Over the weekend, the New York Times published an extensive report on Apple’s use of creative strategies to reduce the taxes it pays on the sale of digital goods.

Apple’s giant profits were the peg for the story, but as the reporters noted, the company is far from the only one that engages in these practices. An excerpt from the piece …

“Apple serves as a window on how technology giants have taken advantage of tax codes written for an industrial age and ill suited to today’s digital economy. Some profits at companies like Apple, Google, Amazon, Hewlett-Packard and Microsoft derive not from physical goods but from royalties on intellectual property, like the patents on software that makes devices work. Other times, the products themselves are digital, like downloaded songs.
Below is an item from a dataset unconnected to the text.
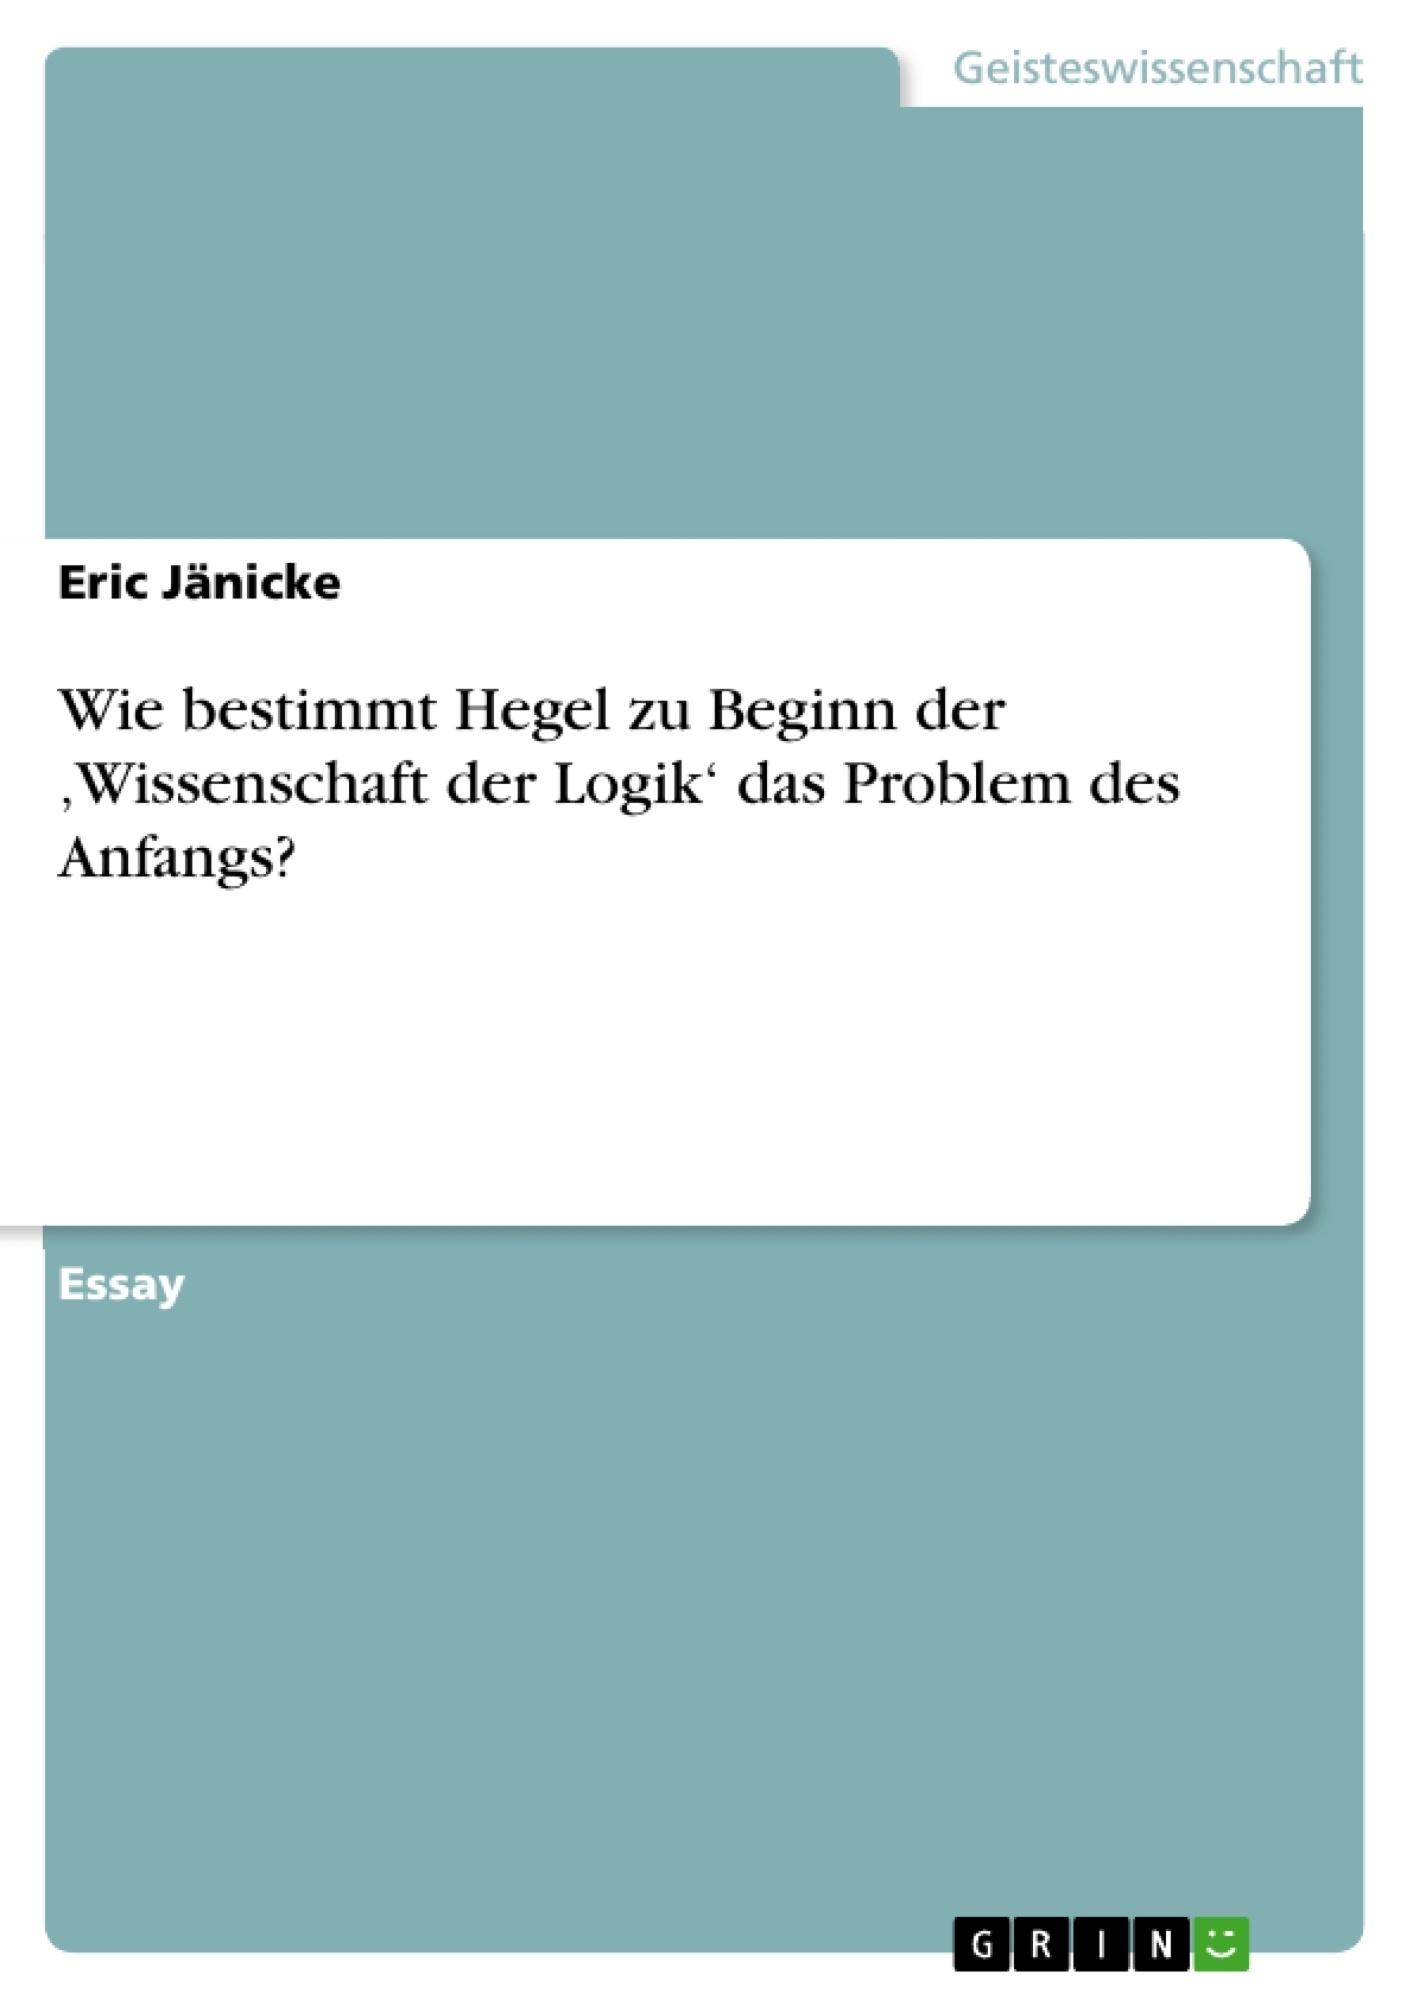 Titel: Wie bestimmt Hegel zu Beginn der 'Wissenschaft der Logik' das Problem des Anfangs?

It is much easier for businesses with royalties and digital products to move profits to low-tax countries than it is, say, for grocery stores or automakers.”

Jeff Reifman, a former Microsoft employee who has been campaigning for years against the company’s use of its Nevada licensing office, says in a blog post that the New York Times piece has resulted in a new wave of interest in his site, Microsoft Tax Dodge.
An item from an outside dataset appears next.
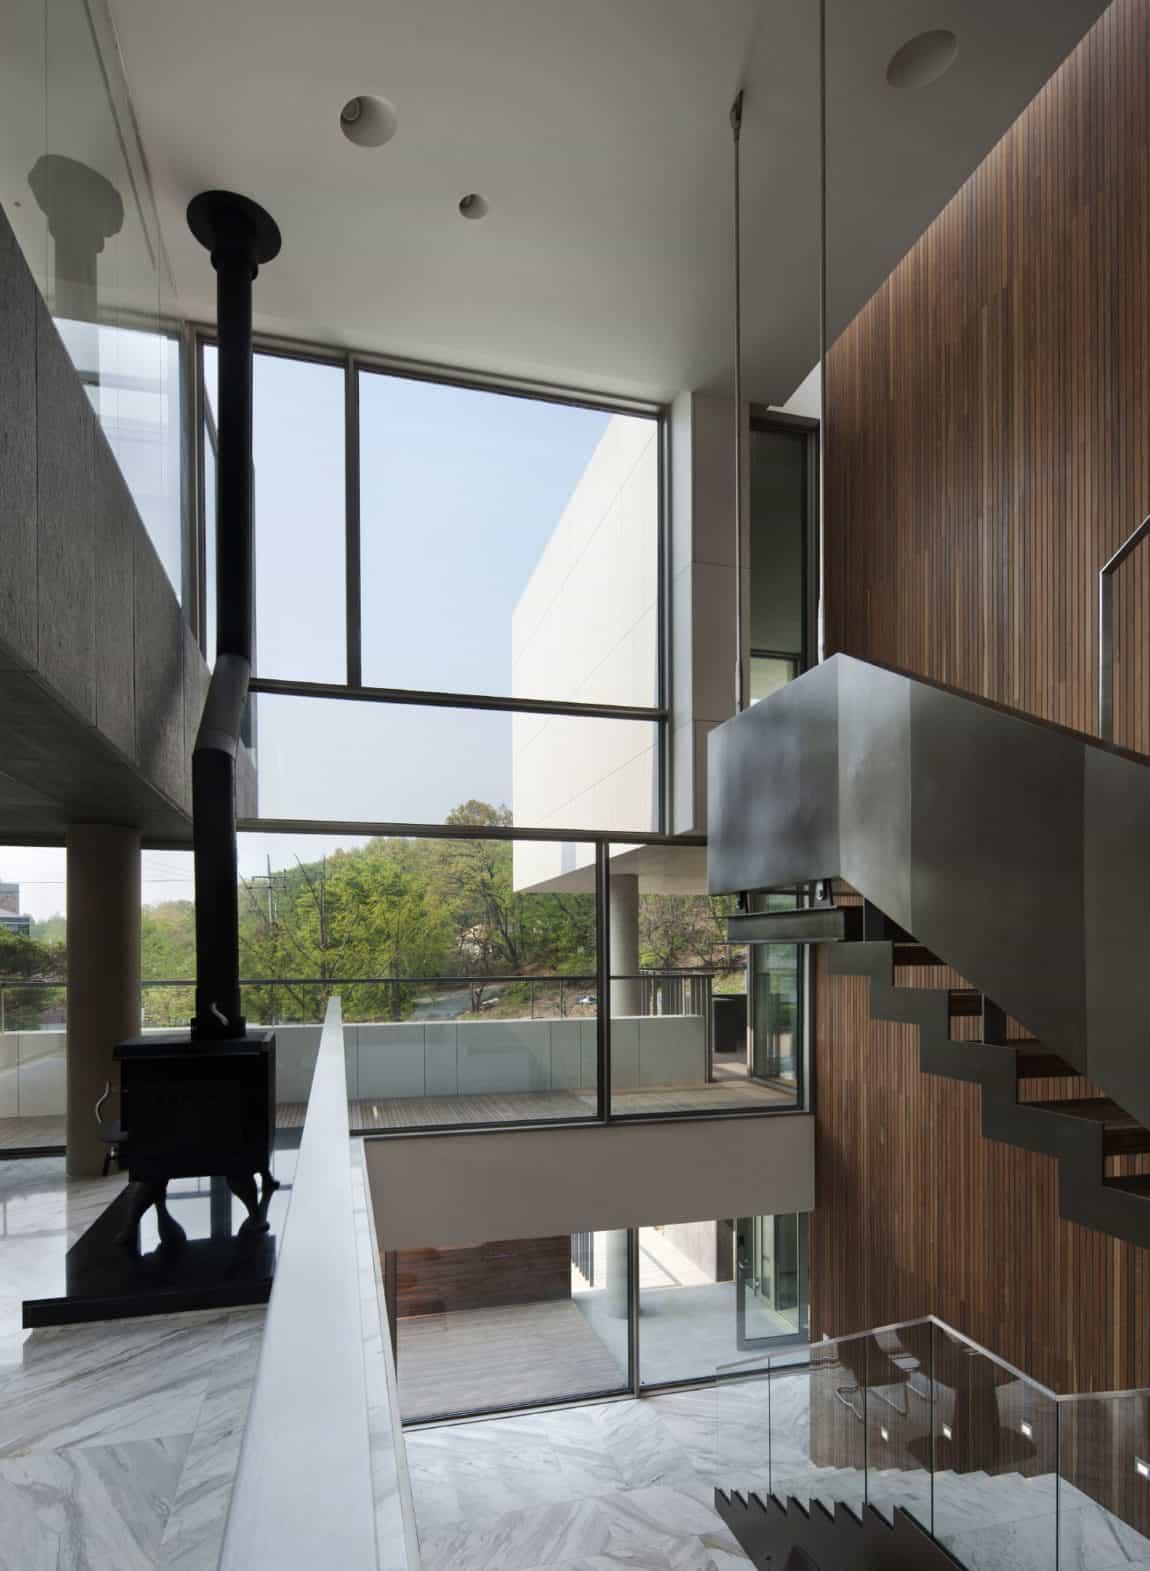 Customi-Zip by L'EAU Design (5)

He’s written up a primer for people new to the issue, making the case that Microsoft has improperly sidestepped billions in Washington state taxes, a contention that Microsoft disputes.
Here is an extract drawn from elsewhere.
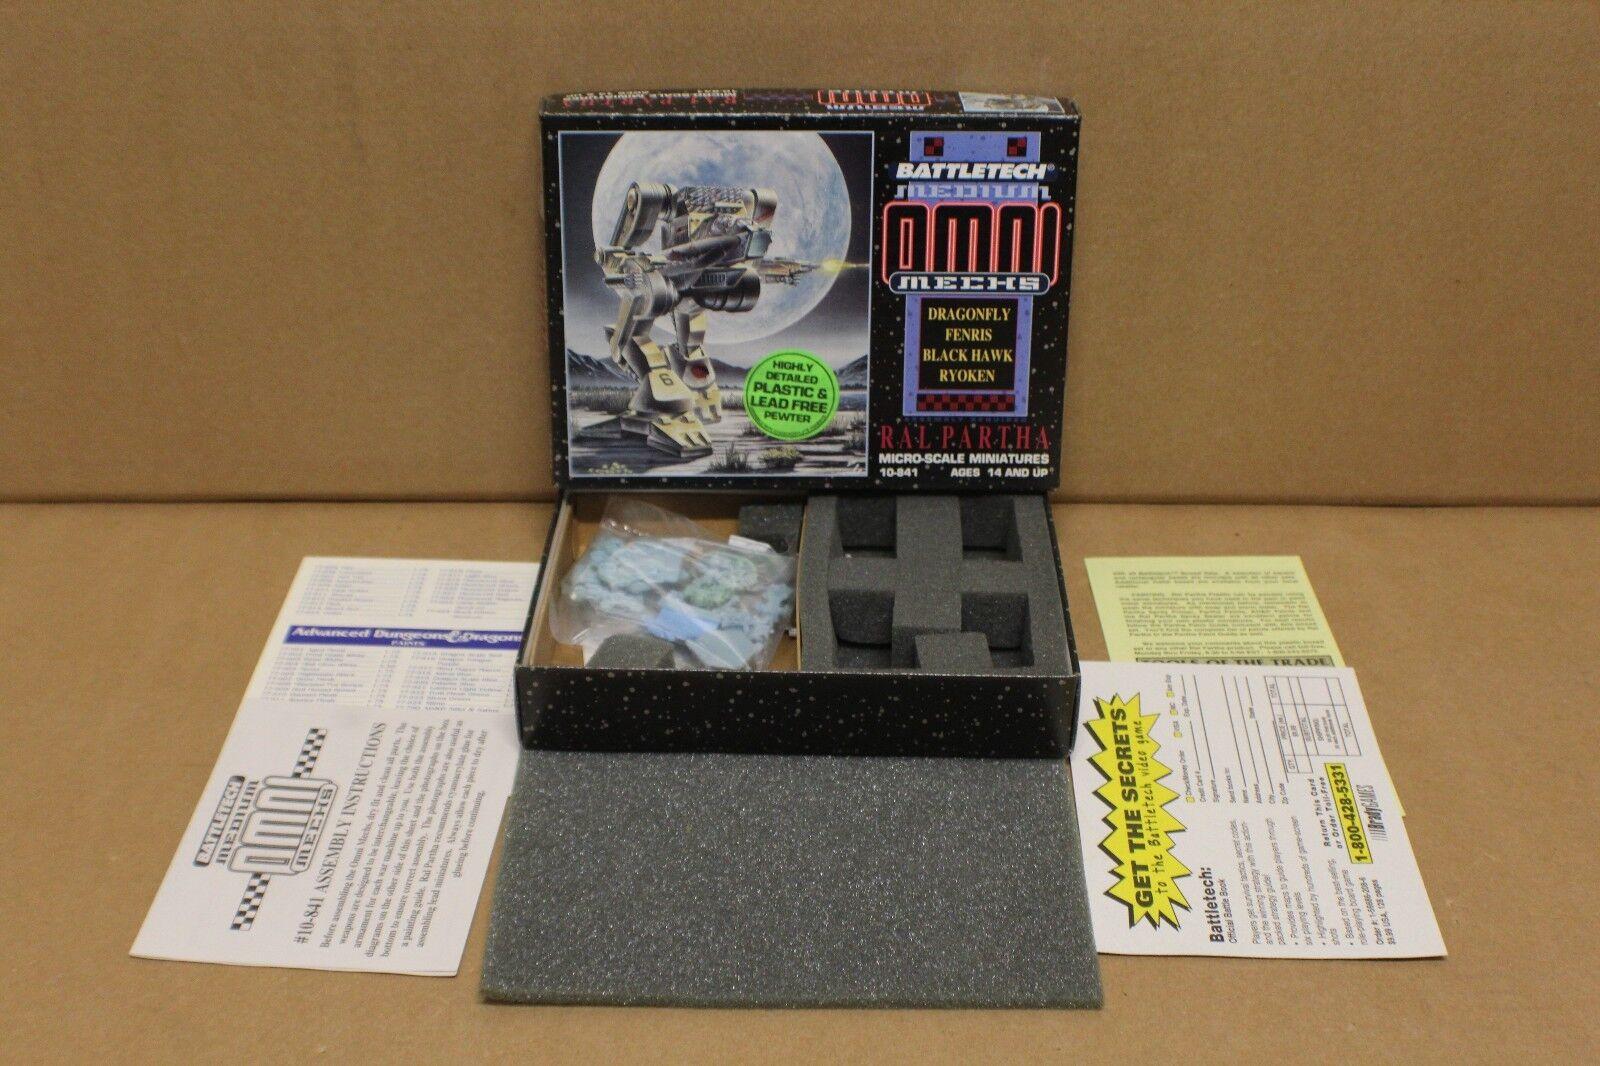 Der partha battletech mini - medium omni mechs 10-841 a2

Whatever the case, it’s clear that this is not just an Apple story. Roger Kay, a longtime industry analyst, writes on Forbes about the NYT piece …

“Of note in the piece is that a number of former Apple executives spoke on the record — using their actual names.  This unusual behavior must be the result of one or both of the following circumstances: either they’re “airborne” or, now that Steve Jobs has passed on, they’re no longer afraid of the Apple vendetta machine. … Behind the article’s facade, though, is a cheap trick, which is even somewhat sheepishly revealed soon after the lead.  The writers used Apple at the top of the story for the same reason we all do: to sell newspapers.”